Matt Rourke / AP Photo

Vehicles are under water during flooding in Norristown, Pa. Thursday, Sept. 2, 2021 in the aftermath of downpours and high winds from the remnants of Hurricane Ida that hit the area. Scientists say climate change is contributing to the strength of storms like Ida.

There’s overwhelming scientific evidence that human activity is causing Earth to warm at an unprecedented rate. And according to a major report by the United Nations Intergovernmental Panel on Climate Change, released in August 2021, human-caused climate change is already responsible for hazards across the globe, from extreme heat waves to stronger storms.

A 2018 report from the same organization urges governments to limit warming to 1.5°C above pre-industrial (late 19th century) levels. The planet would still face severe impacts from climate change, but warming beyond that level would have even more urgent consequences, including worse water shortages, more extreme weather, and massive coral reef die-offs.

In 2015, governments from around the world entered the Paris Climate Agreement, which aims to limit warming to below 2°C over pre-industrial levels. The U.S. originally was part of the agreement, but withdrew under the Trump administration. It officially rejoined under President Biden.

What is climate change?

Like a greenhouse, Earth’s atmosphere traps heat. Sunlight that’s absorbed by Earth’s surface is released as heat back toward space. But some of the gases in the atmosphere — greenhouse gases — can trap this heat energy and release it again in all directions, including back toward the surface. That warms the Earth.

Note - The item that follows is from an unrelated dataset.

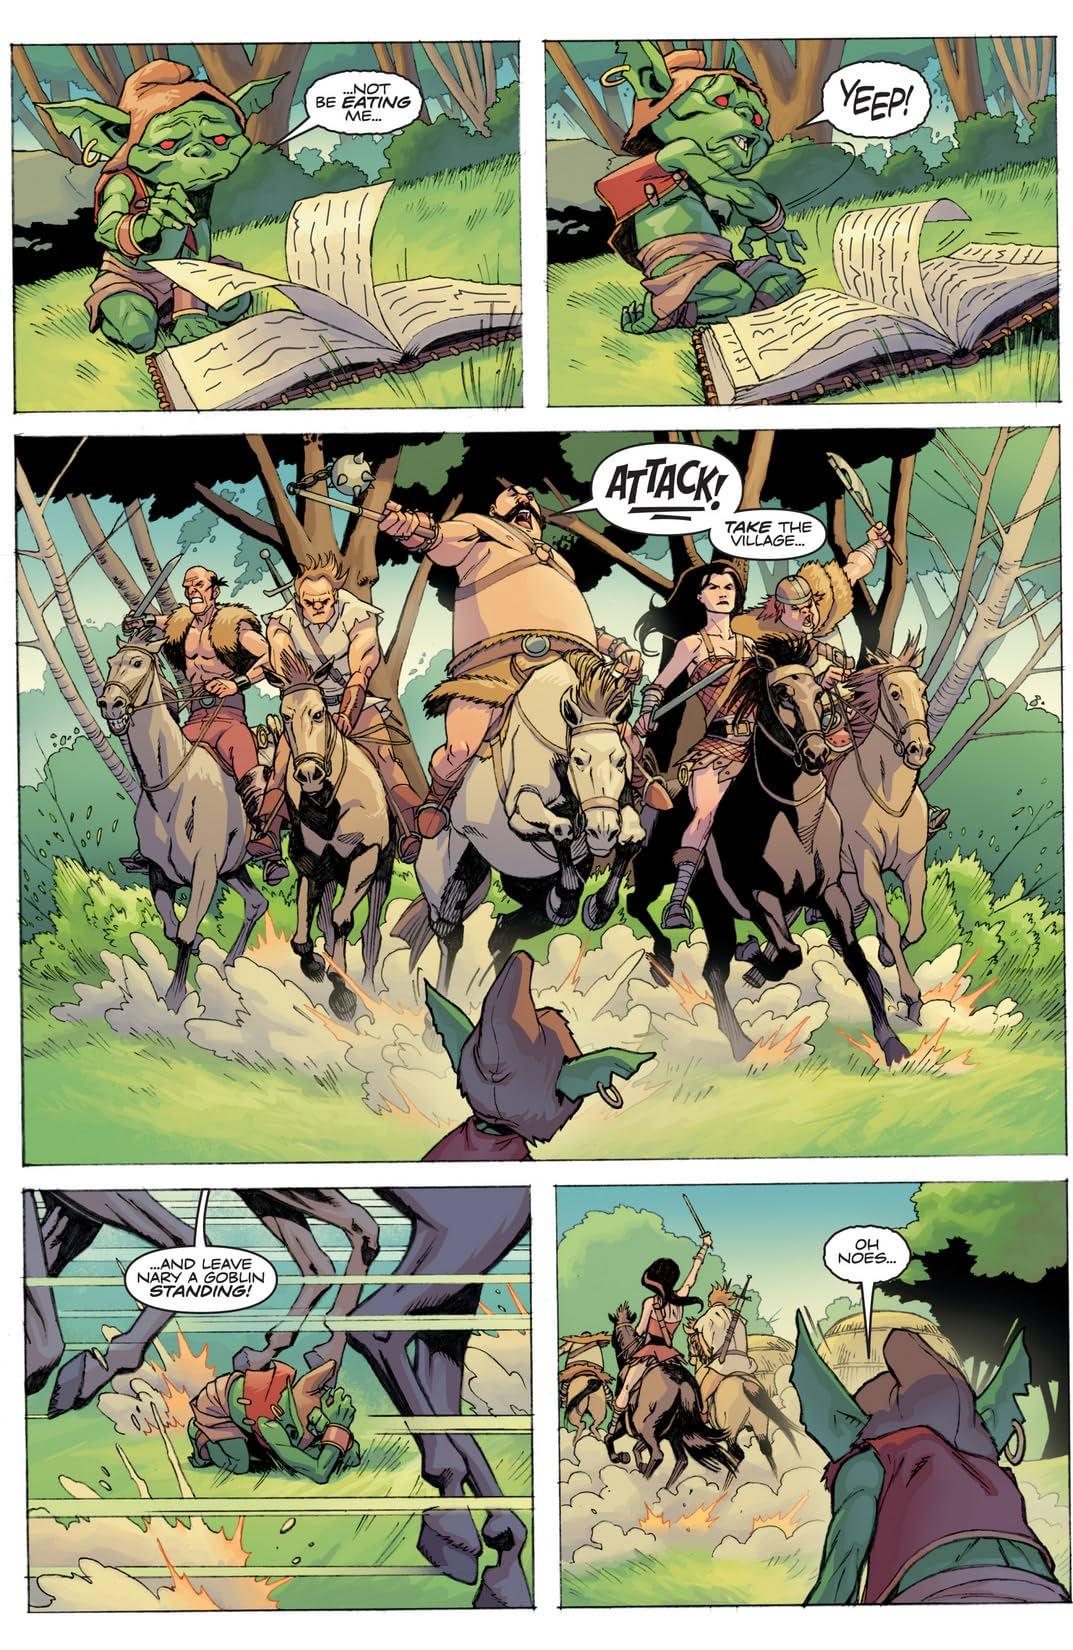 Pathfinder: Goblins! #3 (of 5)

At a fundamental level, the greenhouse effect is crucial for life as we know it. The gases that can trap heat energy — which include water vapor — are what make Earth liveable for humans and other species.

But humans, particularly since the late 19th century, have been emitting way more of those greenhouse gases than the Earth is used to. A lot of that is carbon dioxide (CO2) from fossil fuel-burning and other activities, but humans also emit other greenhouse gases, including methane, nitrous oxide, hydro- and perfluorocarbons, and a particularly potent one called sulfur hexafluoride.

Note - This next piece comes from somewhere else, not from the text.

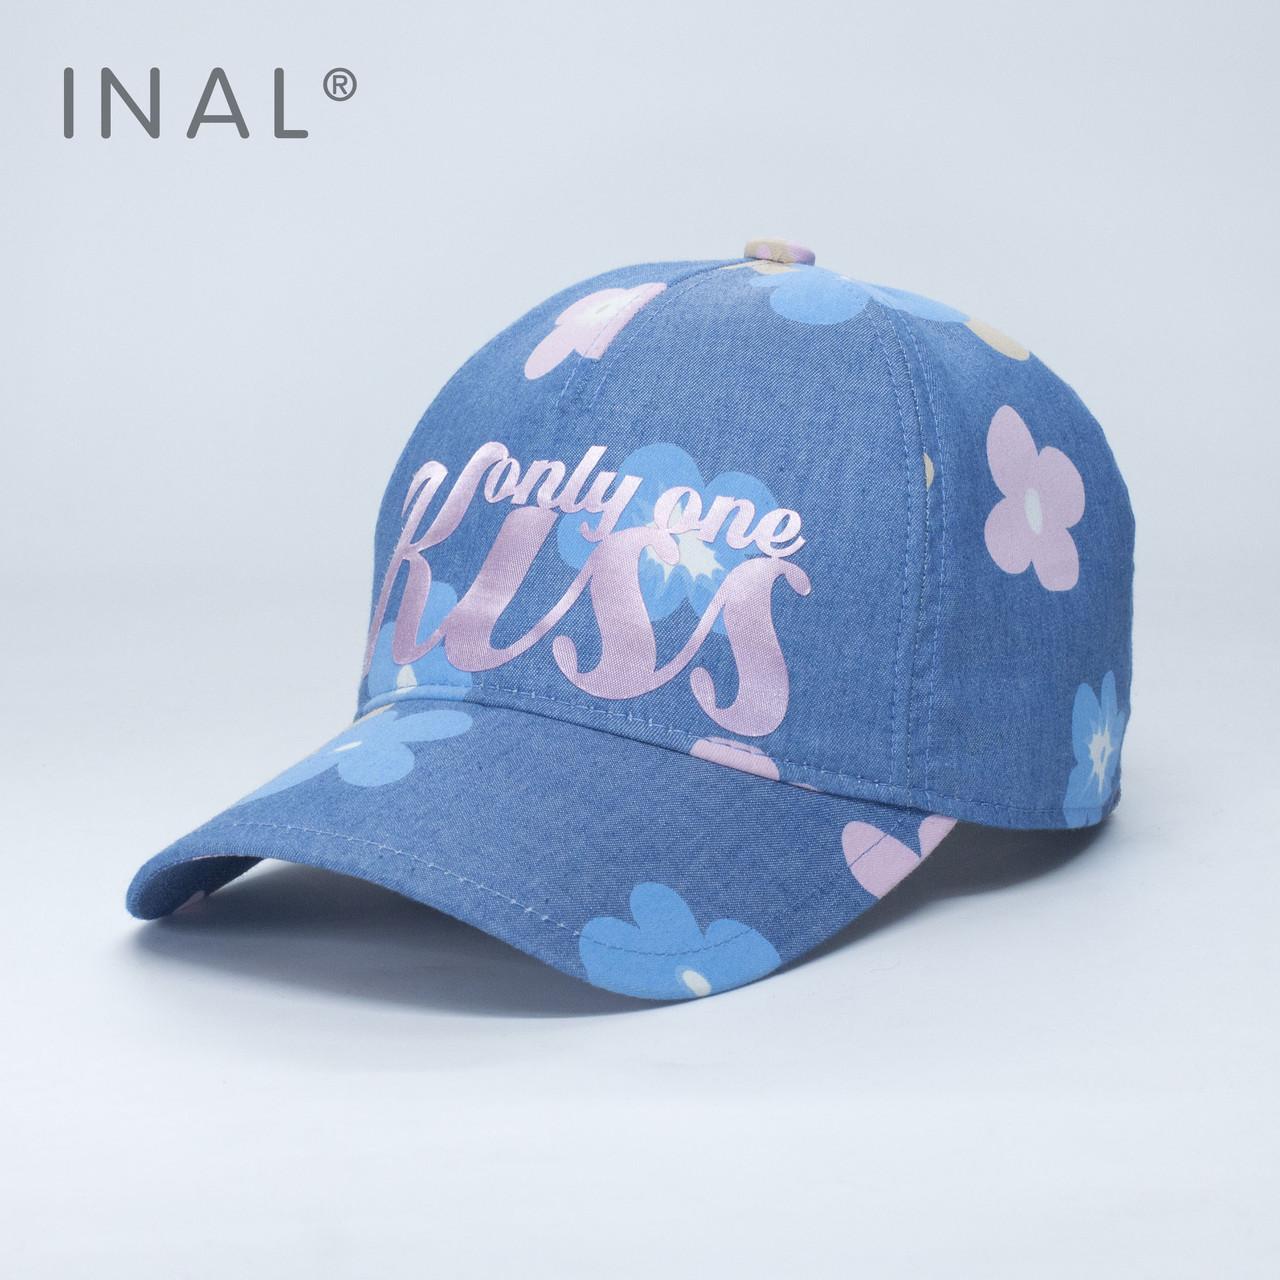 Кепка бейсболка INAL Kiss M / 55-56 RU Синий 172155

Scientists suspected more than a century ago that adding these gases to the atmosphere would heat up the Earth, and we’ve been seeing it happen for many years. According to the IPCC, “It is unequivocal that human influence has warmed the atmosphere, ocean and land,” and that basically all of the warming the planet has seen since the late 1800s (a little over 1.8°F, or 1°C) can be traced back to humans.

How do we know?

There are many lines of evidence that tell us Earth is warming, and that humans are the cause.

Scientists monitor the temperature of the air and the ocean surface using satellites, buoys, and other tools. They can also look far back in time, before these instrument-based records, to reconstruct Earth’s “paleoclimate.” Using things like ice cores, tree rings, and the fossils of tiny ocean creatures, scientists can infer the state of the climate hundreds, thousands, or even millions of years ago.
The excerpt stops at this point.